22. The non-transitory computer-readable medium of claim 21,
further comprising instructions that, when executed by the
processor, cause the processor to initiate the wireless data signal
scan before receiving a location request from a base station of a
wireless network or from a position determining entity (PDE).
23. The non-transitory computer-readable medium of claim 21,
further comprising instructions that, when executed by the
processor, cause the processor to initiate the wireless data signal
scan before initiating a global positioning system (GPS) session at
the mobile device.
24. The non-transitory computer-readable medium of claim 21,
wherein the predetermined command is a command to initiate a call
to an emergency phone number.
25. The non-transitory computer-readable medium of claim 24,
further comprising instructions that, when executed by the
processor, cause the processor to: initiate the call to the
emergency phone number; and transmit the list to enable position
determination by a position determining entity (PDE) after
initiating the call, wherein the wireless data signal scan is
initiated prior to receiving a request for wireless data network
measurements, and wherein the request for wireless data network
measurements is received during the call.

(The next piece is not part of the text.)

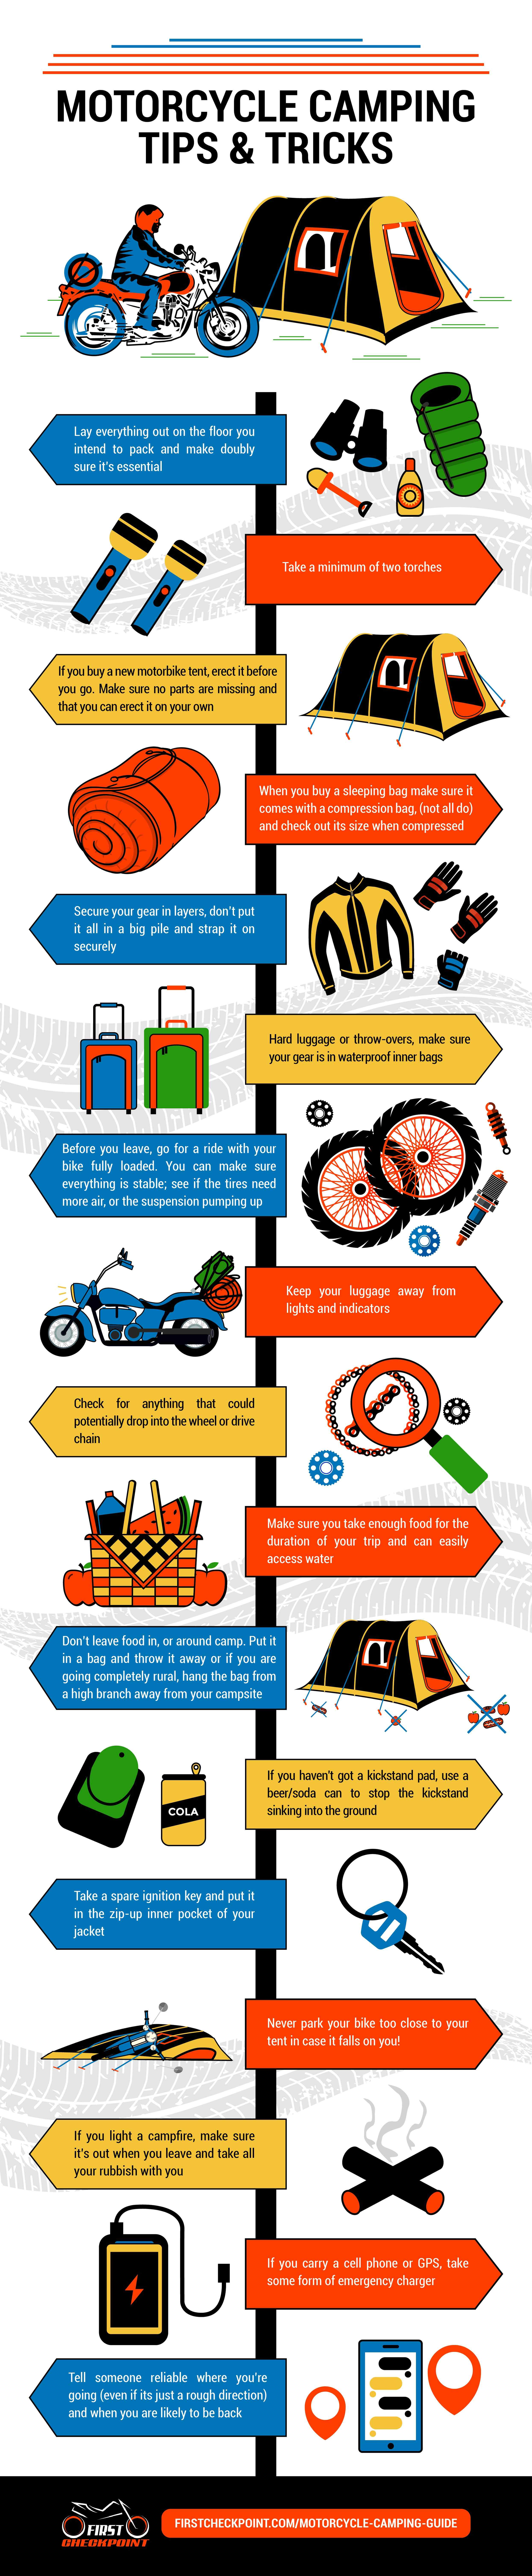 Motorcycle Camping Tips

26. The non-transitory computer-readable medium of claim 21,
further comprising instructions that, when executed by the
processor, cause the processor to: transmit the list to a base
station of a wireless network to enable position determination by a
position determining entity (PDE) having access to a database of
locations of wireless network access points; receive location
information from the base station based on the position
determination by the PDE; and provide the location information to a
global positioning system (GPS) module of the mobile device,
wherein the location information is used by the GPS module to
obtain GPS position information corresponding to the mobile
device.
27. An apparatus comprising: means for receiving a command
corresponding to a user input at a mobile device; means for
comparing the received command to a predetermined command
associated with determining a location of the mobile device; and
means for initiating a wireless data signal scan to generate a list
of non-global positioning system (non-GPS) signals that are
detectable by the mobile device in response to determining that the
received command corresponds to the predetermined command.
28. The apparatus of claim 27, wherein the means for initiating
further includes means for initiating the wireless data scan before
receiving a location request from a base station of a wireless
network or from a position determining entity (PDE).
29. The apparatus of claim 27, wherein the means for initiating
further includes means for initiating the wireless data scan before
initiating a global positioning system (GPS) session at the mobile
device.
30. The apparatus of claim 29, wherein the predetermined command is
a command to initiate a call to an emergency phone number.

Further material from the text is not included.